DOUTRINA
Não choras de arrependimento?... És infeliz!
Tantas crianças que se finam dos maus tratos da rua e dos caminhos! São vítimas de fome lenta. Tantas que nos morrem dela! Não é da que cá passam; é da que trazem. Assim se foram alguns em Miranda do Corvo. Assim outros, em Paço de Sousa. O mal vem de longe. Vem do seio das mães!
- Que tem você, senhora Júlia?
- Não tenho nada.
- Vejo-a assim não sei como?!
- Em comendo alguma coisinha, fico bem!...
Ia ser mãe, dentro em pouco, a senhora Júlia. Como esta, quantas?! Vem de longe o mal. Vem do próprio ventre das mães. «Comendo, fico bem!...»
Presentemente, anda-se aqui na Aldeia a ver se apetrechamos o hospital das coisas necessárias ao bem da população. Já se pediram e pediram e pediram. Não temos esperanças nem luzes de onde elas venham. São objectos caros. Outros que têm pretendido ou pretendem fazer algo de sério a bem da saúde destes seres, topam necessariamente com as mesmas dificuldades. Não há o entusiasmo. Não há o conhecimento. Não há a aflição. Quem é que pensa? Quem é que suspeita da tragédia da criança das ruas?
Há dias, saía do Lar do Porto, manhãzinha, e dou de cara com um rapaz encostadinho à porta. Passou ali a noite. Vinha de longe.
- Que queres tu?
- Leve-me prà Tutoria!
Tão sozinho! Tão amargurado! Ele que pela idade, deveria ser a doçura, espalhando e recebendo doçura! As lágrimas eram em bica. «Não quero ir p'ra casa; leve-me prà Tutoria». Que vida! Que lares! Crianças a pagarem dívidas que não fizeram e nós não queremos pagar o que lhes devemos! Quem se importa a sério? Eles são tantos e andam tão sujos e comem tais coisas em tais lugares, que a gente parece ter acabado por se convencer que não sentem nem têm as nossas necessidades!
E se aparece alguém debaixo do sol que nos alumia, a fazer um hospital com desejos de o apetrechar, tem de cingir muito ao peito os pequeninos que ama e chorar a cegueira dos tempos. Mais nada.
Ora isto vem a propósito do hotelzinho p'ra cães, na capital do reino. Eu cá não sou contra os cães. Temos em casa o «Nero» e o «Marão» e o «Top». Não dou licença que ninguém seja mais amigo deles do que eu. Pena tenho de chegar sempre tarde quando lhes vou botar uma côdea; a malta já o tem feito! Sim. Não sou contra os cães. Não se me dava, até, ser inscrito como amigo da Sociedade Protectora dos Animais. Não é, pois, dos cães que falo. É dos homens.
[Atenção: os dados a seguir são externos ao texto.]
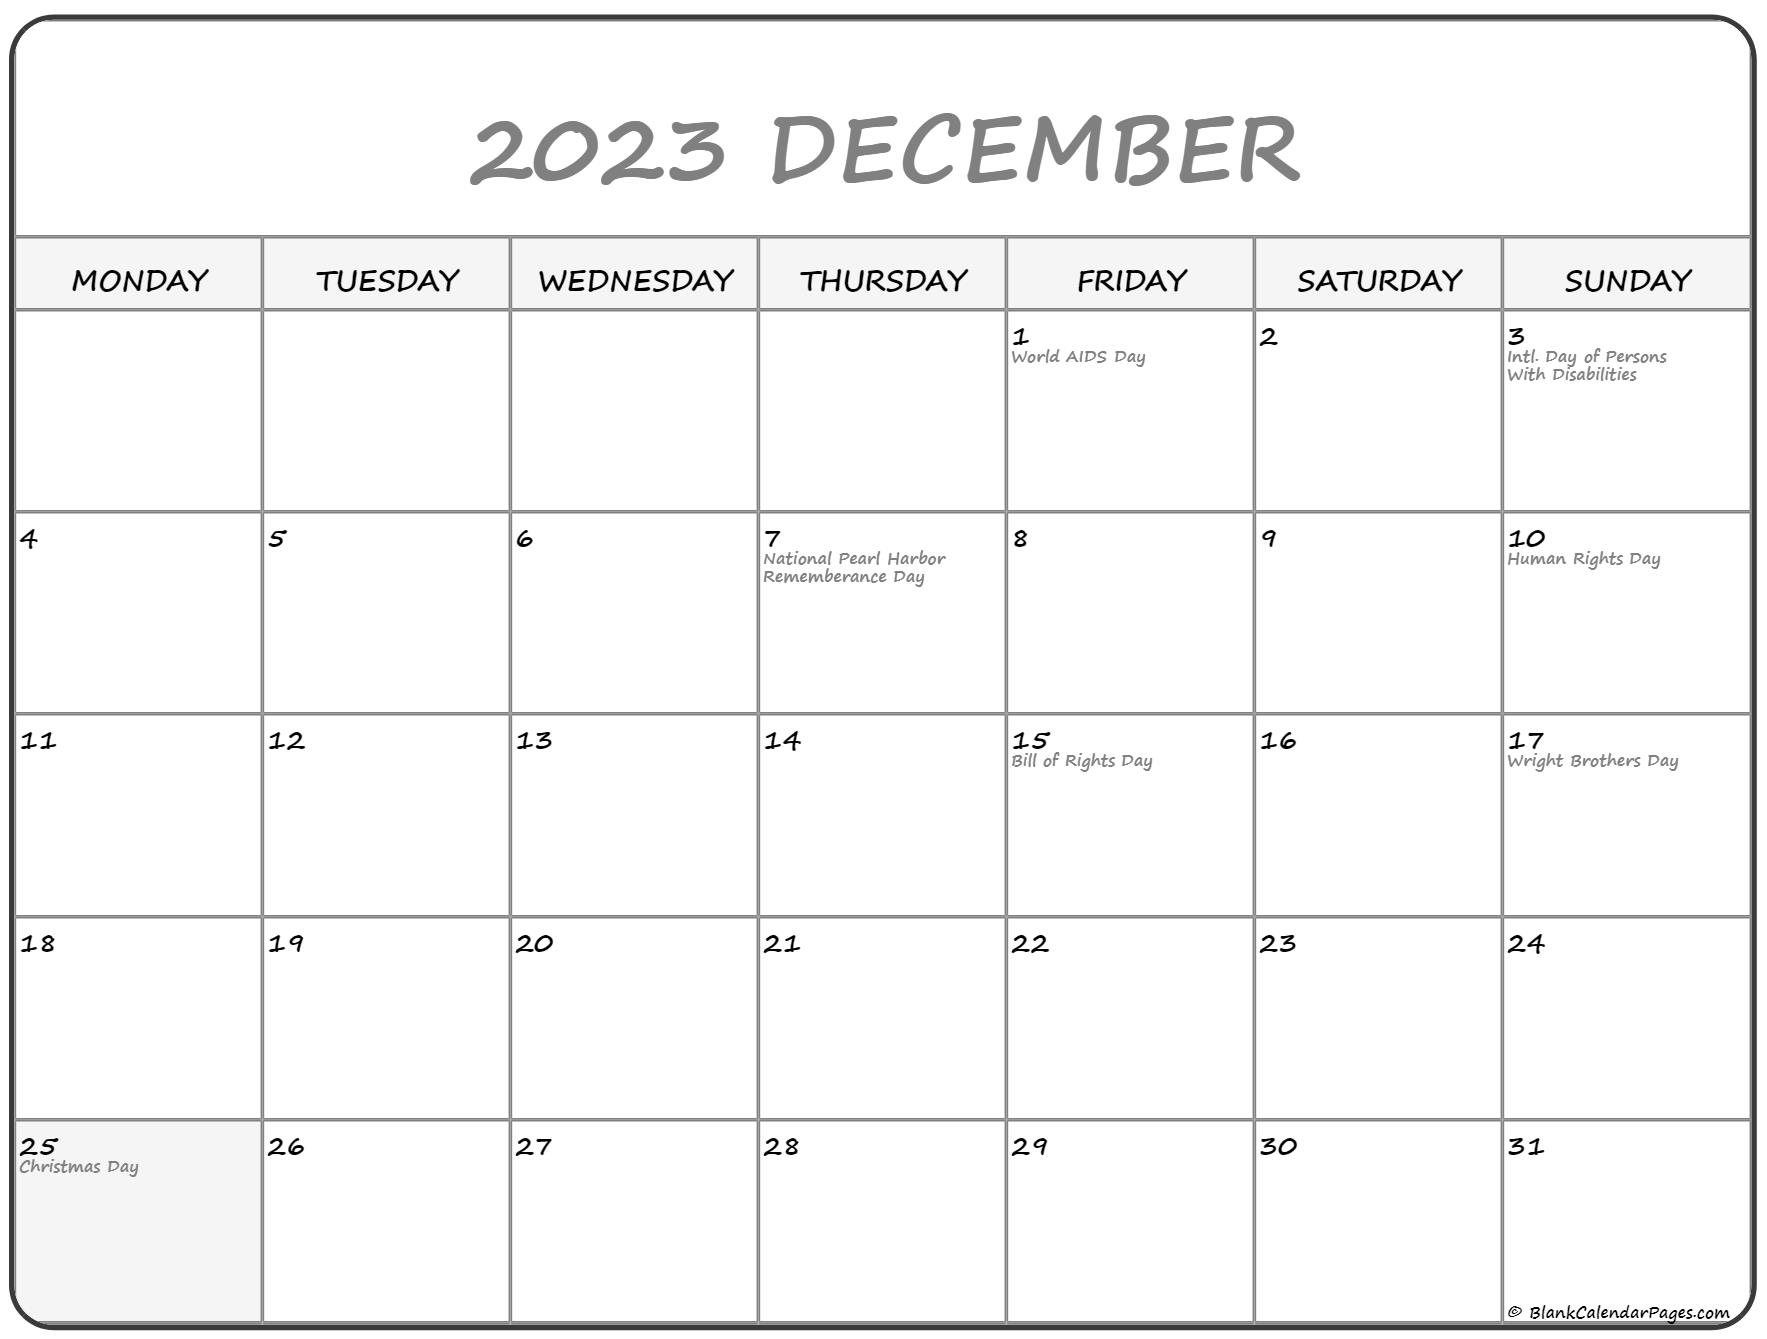 december-2023-calendar-to-print-free-get-latest-map-update

É dos senhores mais das senhoras. P'ra tudo há comissões reguladoras, só pro luxo é que não! O amor é dado ao nosso semelhante. Semelhante pela alma espiritual. É precisamente nisso e por isso que todos somos semelhantes a Deus. «O Verbo de Deus fez-Se carne.» Aqui começa a cartilha do verdadeiro amor. Fez-Se o que não era, sem jamais deixar de ser O que é.
Depois de haveres lido estas regras, não choras de arrependimento? Não extremas, ainda, o amor aos homens da amizade pelos animais? Não? Não?... És infeliz!